FIGURE 1 A diagram of the screen of the proposed experimental setup. A is the amplitude, or the distance of the home square from the center of the target ribbon, W is the width of the target ribbon.

This thesis is based on a series of two experiments. The first experiment, illustrated in Figure 1, will measure displacement as a function of time as subjects perform a simple pointing task. The data will be parsed into the component submovements, and this data will be used to test the predictions of the SOS model, such as the relative speed and accuracy of the first submovement compared to subsequent submovements, the number of submovements as a function of distance and width, and the total movement time as a function of distance and width.

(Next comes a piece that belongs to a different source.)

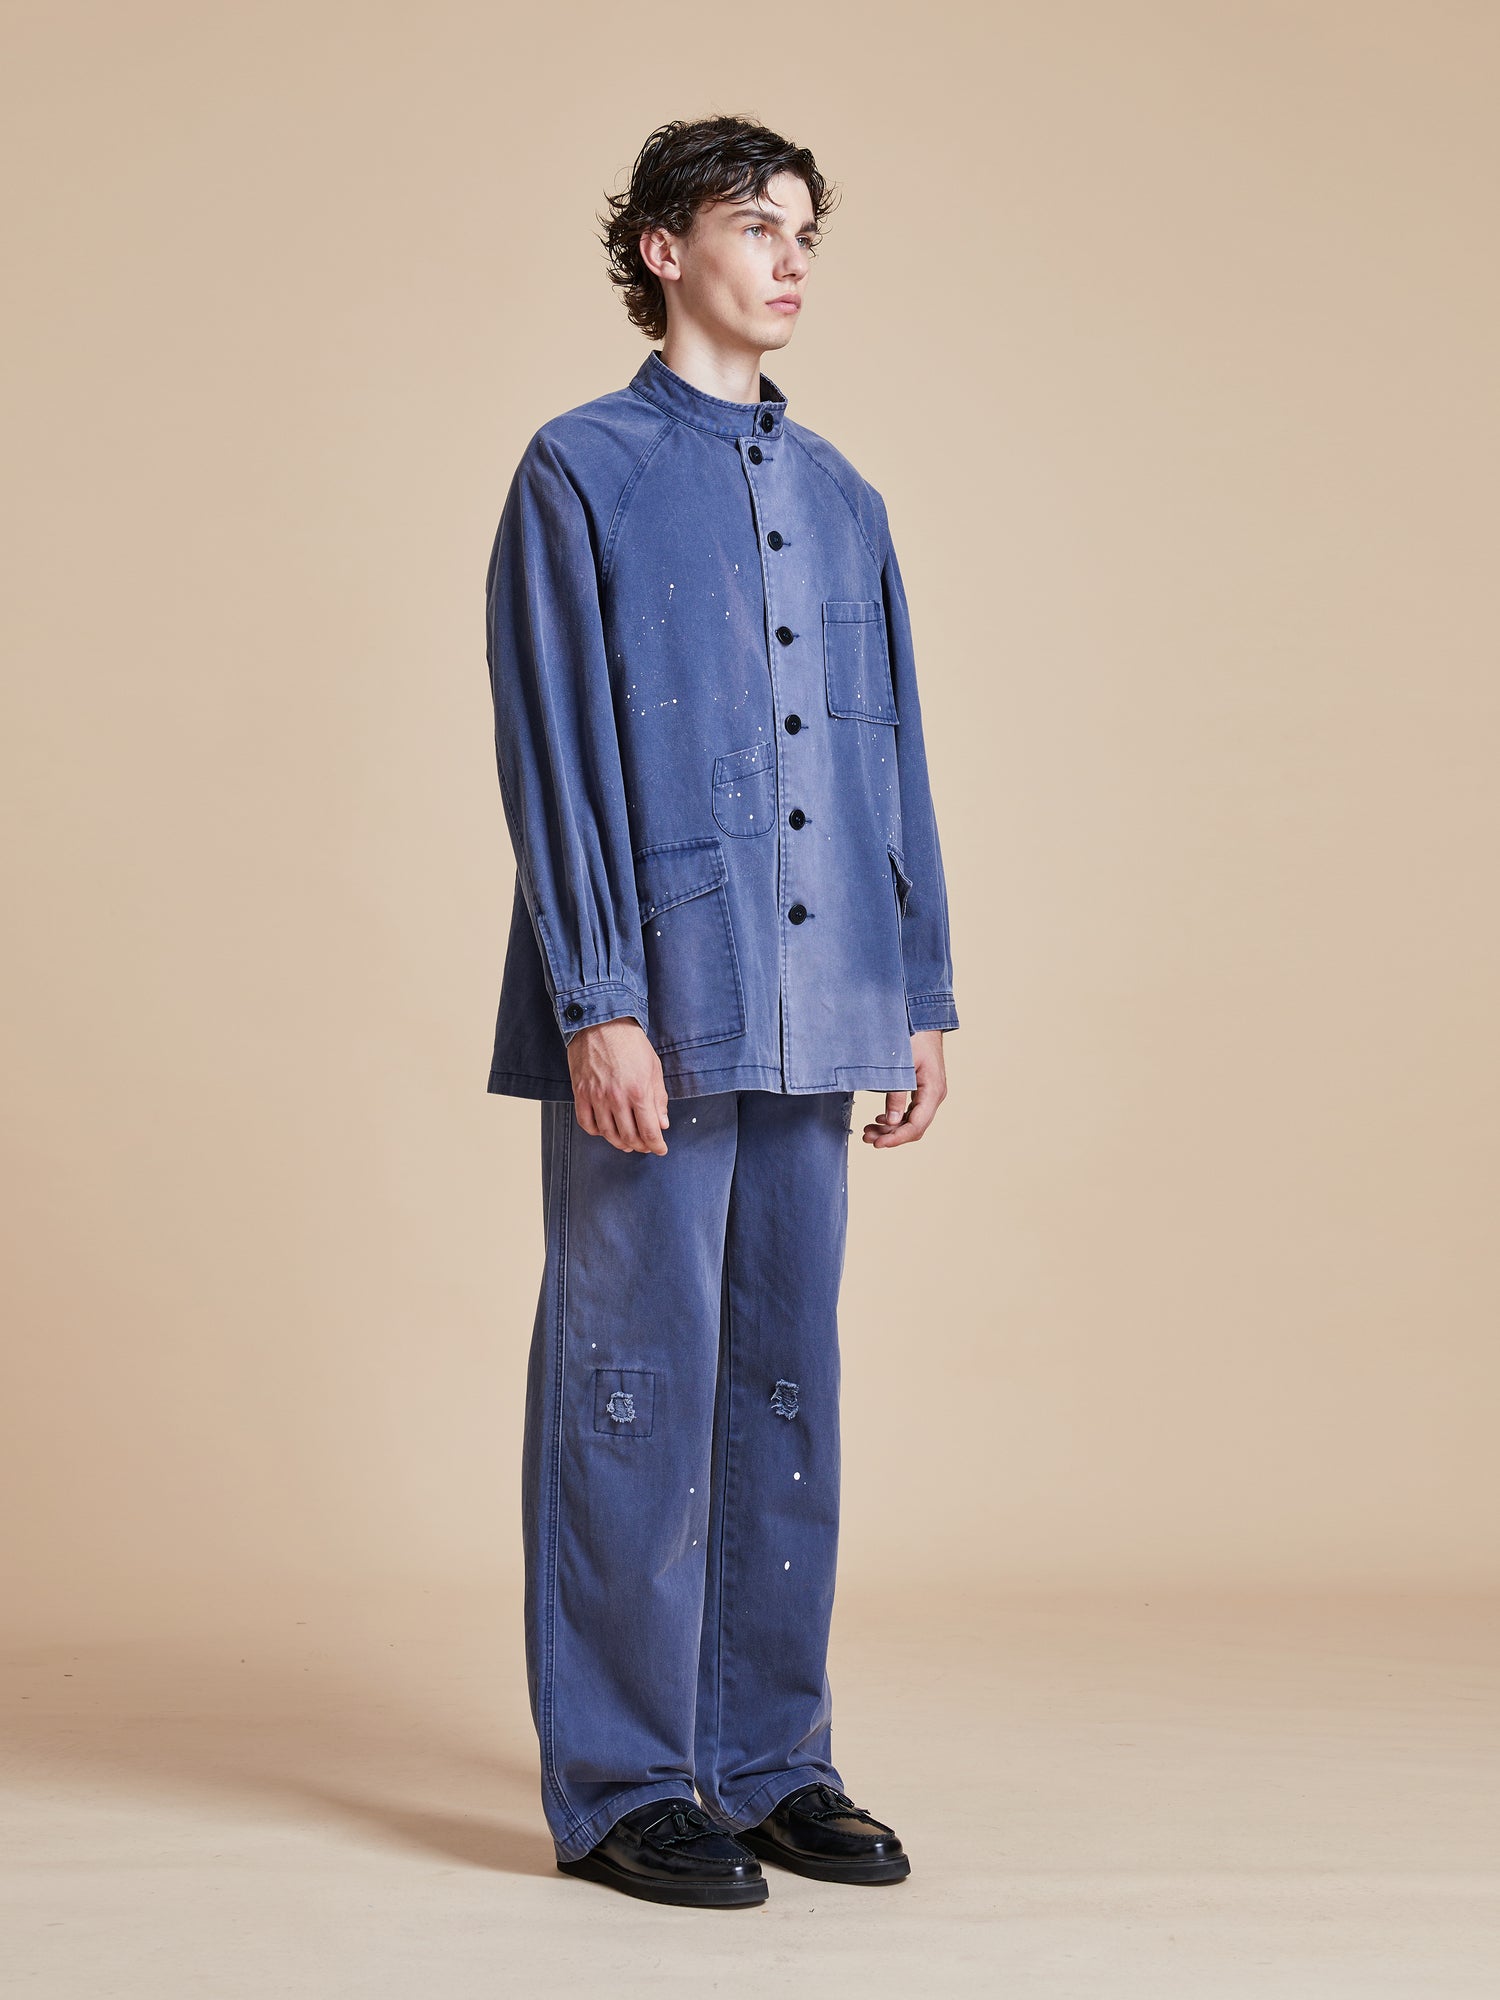 The model is wearing a River Painters Chore Coat denim shirt and pants by Found.

The second part of the study will use the knowledge of movement characteristics to redesign the joystick. This can be done by suitable changes to its transfer function. One possible modification is that if, as the SOS Model suggests, there are two distinct phases of movement, then the isometric joystick could use different transfer functions for each phase of the movement, such as velocity control for the first phase, and position control for the second phase. While this might sound counter-intuitive, such a device might in fact have better overall performance. Once the modifications to the transfer function of the isometric joystick have been made, a second experiment will be carried out to compare the performance of the original and modified joysticks.

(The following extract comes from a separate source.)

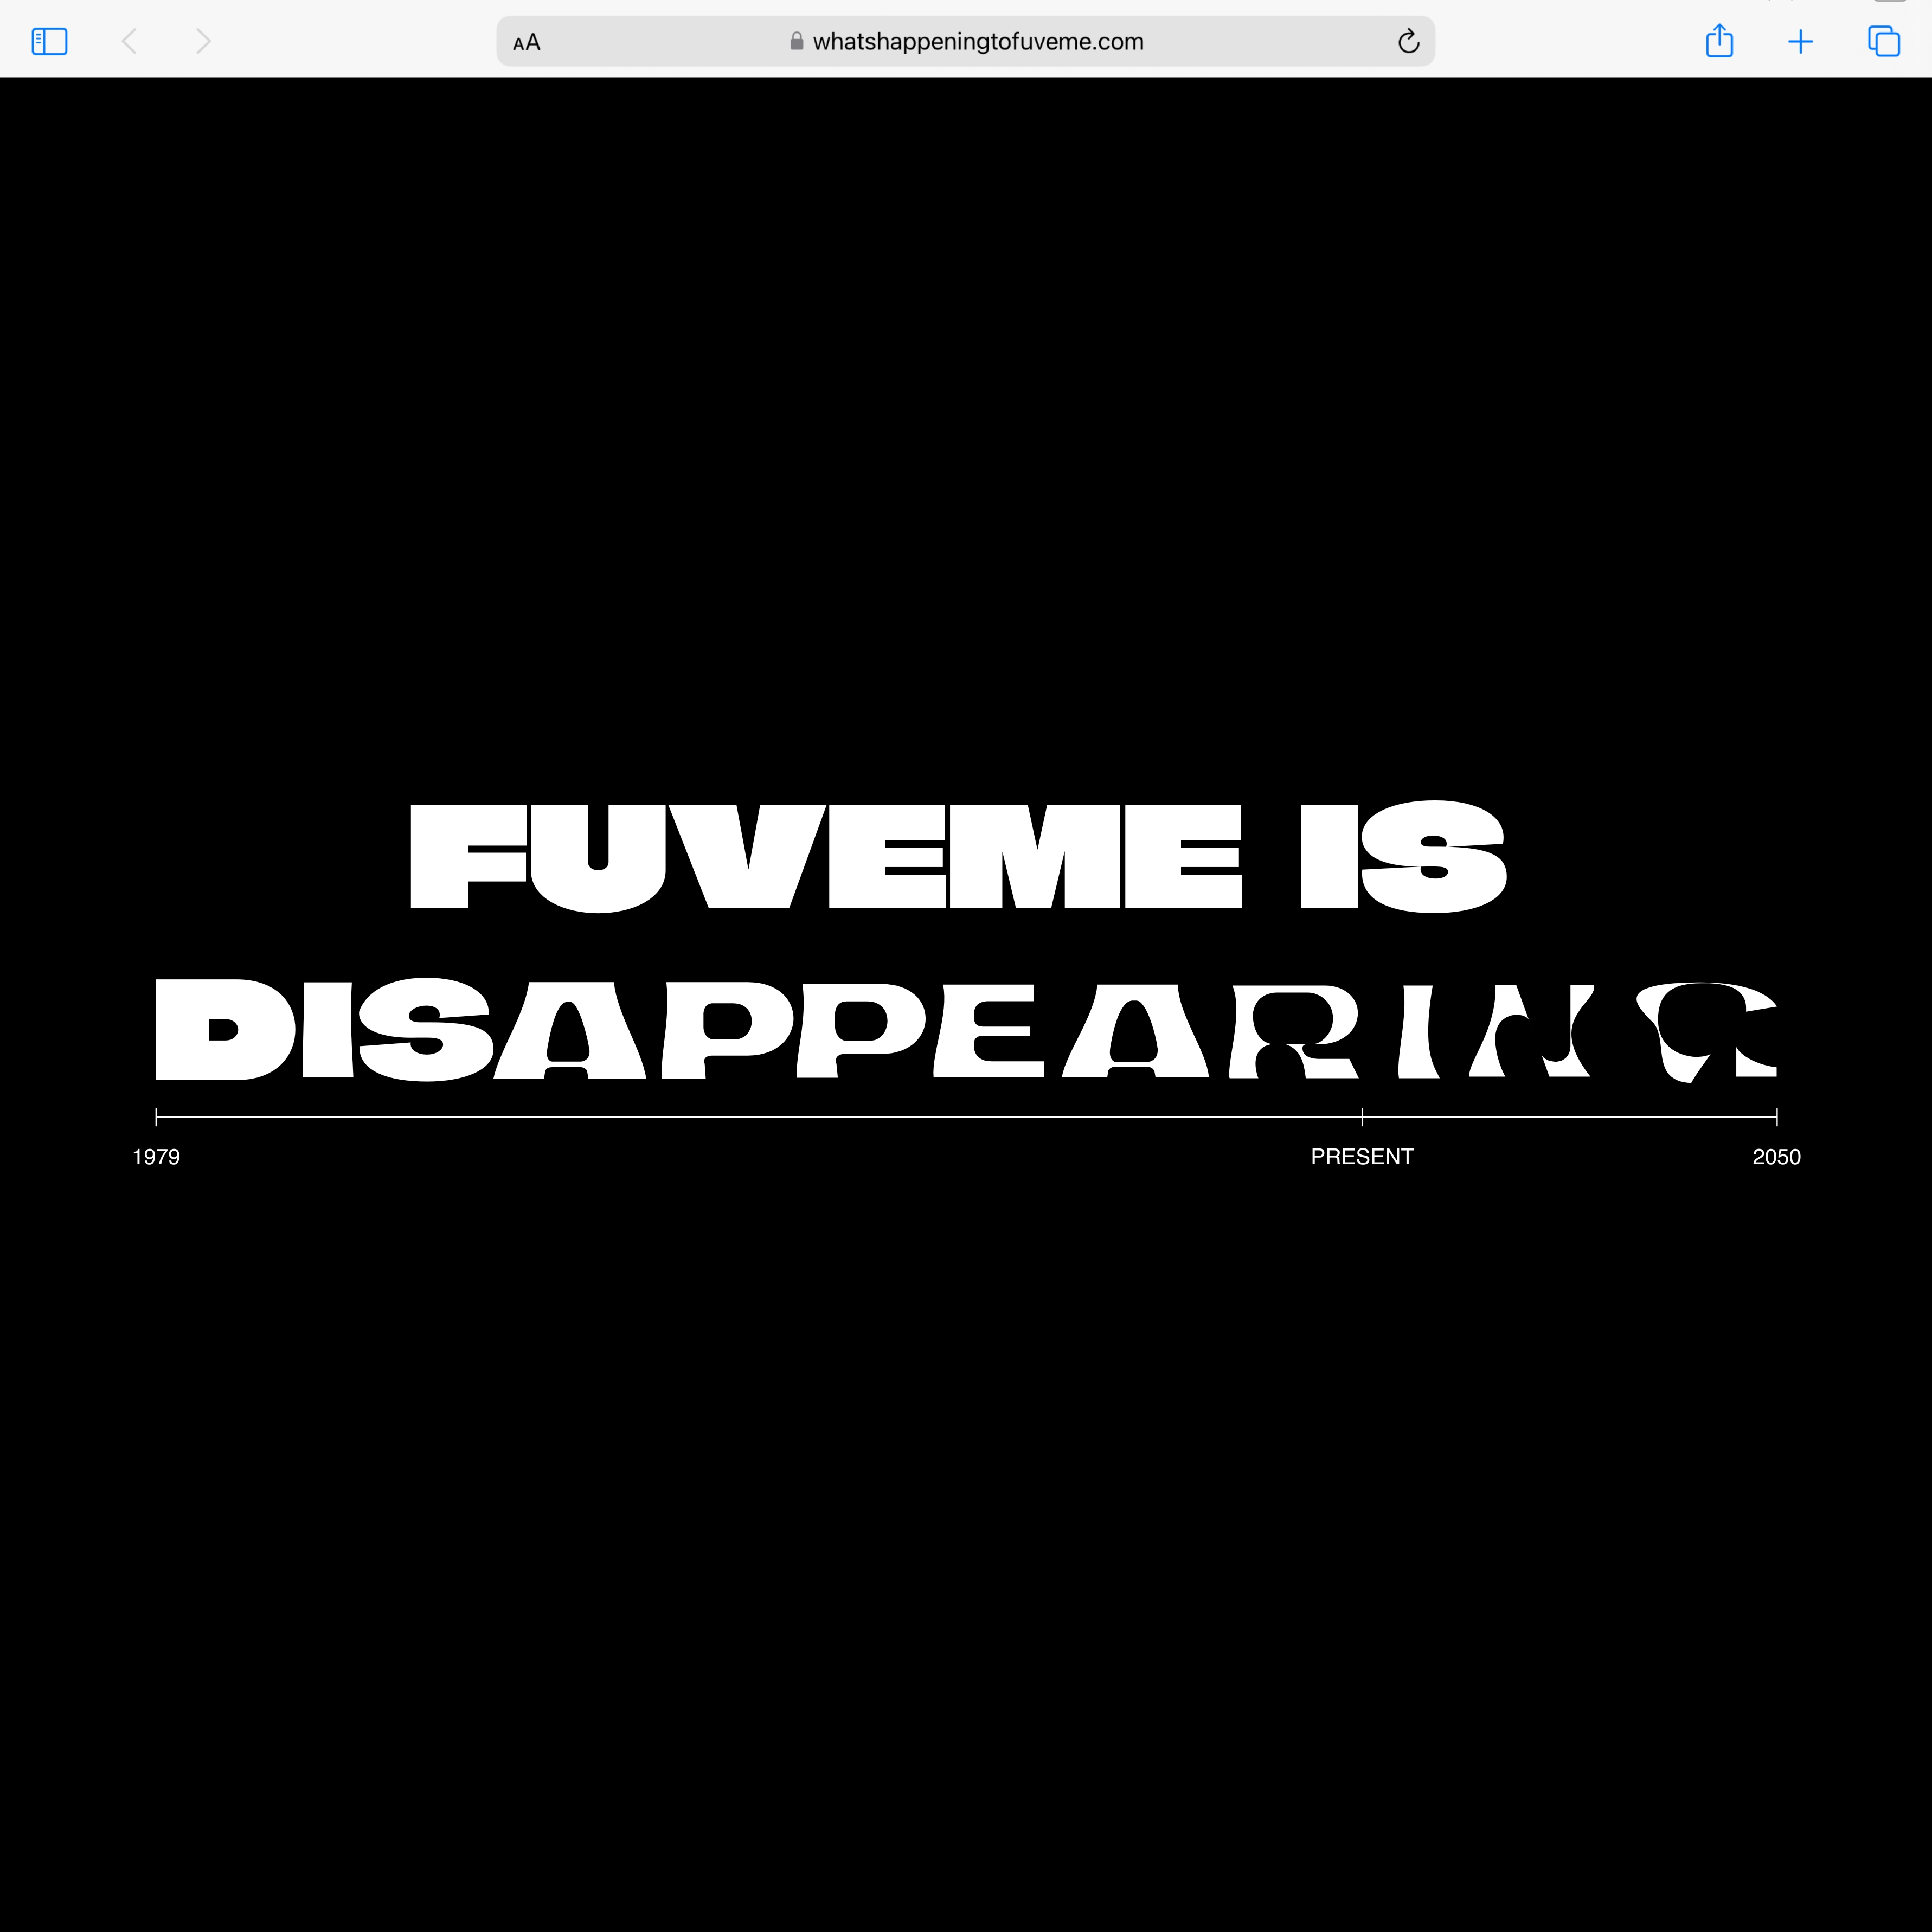 Don’t Be A Stranger Visualizes Urgency & Action for What’s Happening to Fuveme

CURRENT AND EXPECTED STATE OF RESEARCH

At the present time, the software for the first experiment is being tested, and the experimental protocol has been approved by the human subjects review board. I expect to have recruited subjects and started the first experiment by the beginning of November, and completed the analysis by mid December. By April, I expect to be close to the completion of the second phase of the study.

References

  1. S. K. Card, J. D. Mackinlay, G. G. Robertson (1990). The Design Space of Input Devices in Proceedings of ACM CHI'90 Conference on Human Factors in Computing Systems, pp. 117-124.
  2. Douglas, S. A., Mithal, A. K. (1994). The Effect of Reducing Homing Time on the Speed of a Finger-Controlled Isometric Pointing Device. in Human Factors in Computing Systems, CHI 94 Conference Proceedings, pp. 411 - 416.
  3. H. D. Jellinek, S. K. Card (1990) Powermice and User Performance. in Human Factors in Computing Systems, CHI 90 Conference Proceedings, pp. 213-220.
  4. MacKenzie, I. S. (1992). Fitts' Law as a Research and Design Tool in Human-Computer Interaction. Human-Computer Interaction, 7, pp. 91-139.
  5. D. E. Meyer, K. J. E. Smith, S. Kornblum, R. A. Abrams, C. E. Wright, Speed-Accuracy Tradeoffs in Aimed Movements: Toward a Theory of Rapid Voluntary Action. in Attention and Performance XIII, M. Jeanerod, Ed. Lawrence Erlbaum Associates, Hillsdale, New Jersey, 1990 pp. 173-226.
  6. Rutledge, J.D. and T. Selker. (1990) Force-to-Motion Functions for Pointing. in Human-Computer Interaction - INTERACT '90. Cambridge, U.K.,: North- Holland, Amsterdam.
  7. Walker, N., Meyer, D. E., Smelcer, J. B. (1993) Spa- tial and Temporal Characteristics of Rapid Cursor- Positioning Movements with Electromechanical Mice in Human-Computer Interaction. Human Factors, 35 (3), 431-458.